Hanna P, Grybek V, de Nanclares GP, Tran LC, de Sanctis L, Elli F, Errea J, Francou B, Kamenicky P, Linglart L, Pereda A, Rothenbuhler A, Tessaris D, Thiele S, Usardi A, Shoemaker, AH, Kottler ML, Jüppner H, Mantovani G, Linglart A. Genetic and epigenetic defects at the GNAS locus lead to distinct patterns of skeletal growth but similar early-onset obesity. J Bone Miner Res. 2018 Apr 25. doi: 10.1002/jbmr.3450. [Epub ahead of print]

In questo studio longitudinale sono stati raccolti i dati di Francia, Spagna, Italia e USA di una popolazione di 526 soggetti affetti da Pseudoipoparatiroidismo (PHP).
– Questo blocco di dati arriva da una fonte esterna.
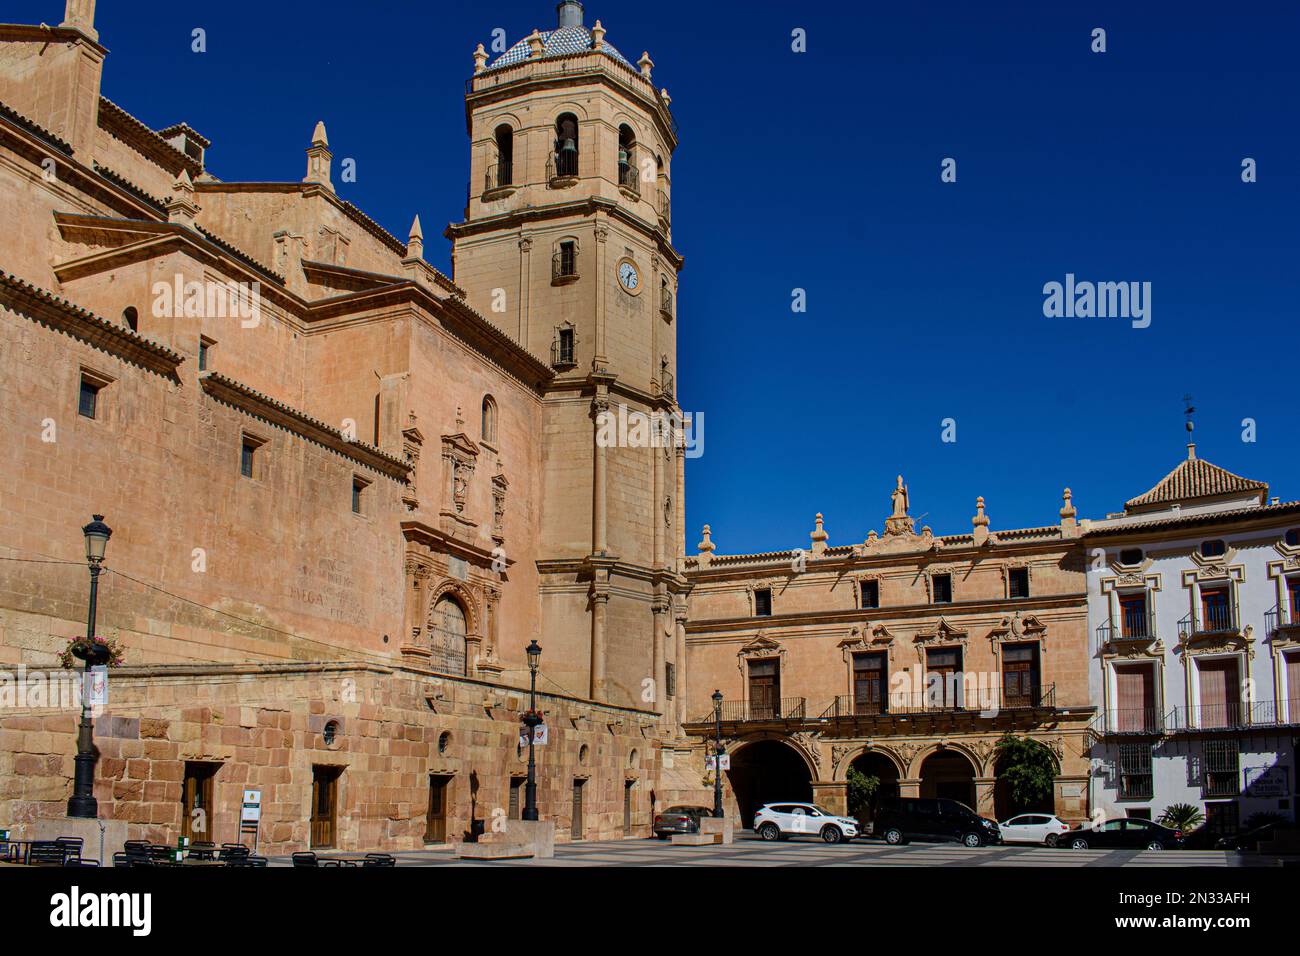 Plaza de España, Lorca, Murcia, Espagne. Le Colegiata de San Patricio (Collégiale de St. Patrick) est sur la gauche. Banque D'Images

I pazienti sono stati distinti in relazione al tipo di mutazione del gene GNAS: perdita di funzione (306 pazienti) che, se di origine materna causerà uno PHP di tipo 1A, se di origine paterna uno PseudoPHP (PPHP), oppure un difetto di metilazione (220 pazienti) responsabile di uno PHP di tipo 1B (20% trasmesso con modalità autosomica dominante–ADPHP1B-, 70% sporadico con mutazione de novo – sporPHP1B, 10% isodisomia uniparentale paterna).

In relazione ai dati alla nascita è emerso che il 21%, 20% e 12% dei pazienti rispettivamente affetti da PHP1A, PPHP e spor-PHP1B sono nati prematuri; il 37% e 95% degli affetti da PHP1A e PPHP è nato SGA, questi ultimi mostravano inoltre un severo ritardo di crescita intrauterino. Di contro i pz con ADPHP1B e sporPHP1B presentano un’incrementata crescita fetale e macrosomia alla nascita.

Riguardo la crescita postnatale, i soggetti con PHP1A e PPHP hanno un progressivo declino della velocità di crescita e dello spurt puberale con bassa statura finale. I pazienti con difetti di metilazione di GNAS sembrano avere invece un incremento della crescita nei primi 3 anni di vita raggiungendo poi una normale statura finale.

L’obesità early-onset caratterizza tutte le diverse mutazioni del gene, con un rapporto femmine/maschi in favore delle prime. Le alterazioni della crescita potrebbero essere spiegate da una accelerazione della differenziazione dei condrociti con conseguente precoce fusione delle cartilagini di accrescimento in presenza di un’aploinsufficienza della Gsa (sub-unitàα della proteinaG stimolatoria). La mutazione di origine paterna di XLas (proteina di regolazione di Gsa) sembra correlata con un severo ritardo di crescita intrauterino mentre l’allele materno sembra responsabile dell’incremento ponderale precoce, poiché maggiormente espresso nella regione dorsomediale ipotalamica, regione implicata nei meccanismi di fame e sazietà.

Il limite principale del lavoro è l’incompletezza nella raccolta dei dati, saranno quindi necessari ulteriori studi al fine di caratterizzare questa selezionata popolazione di pazienti.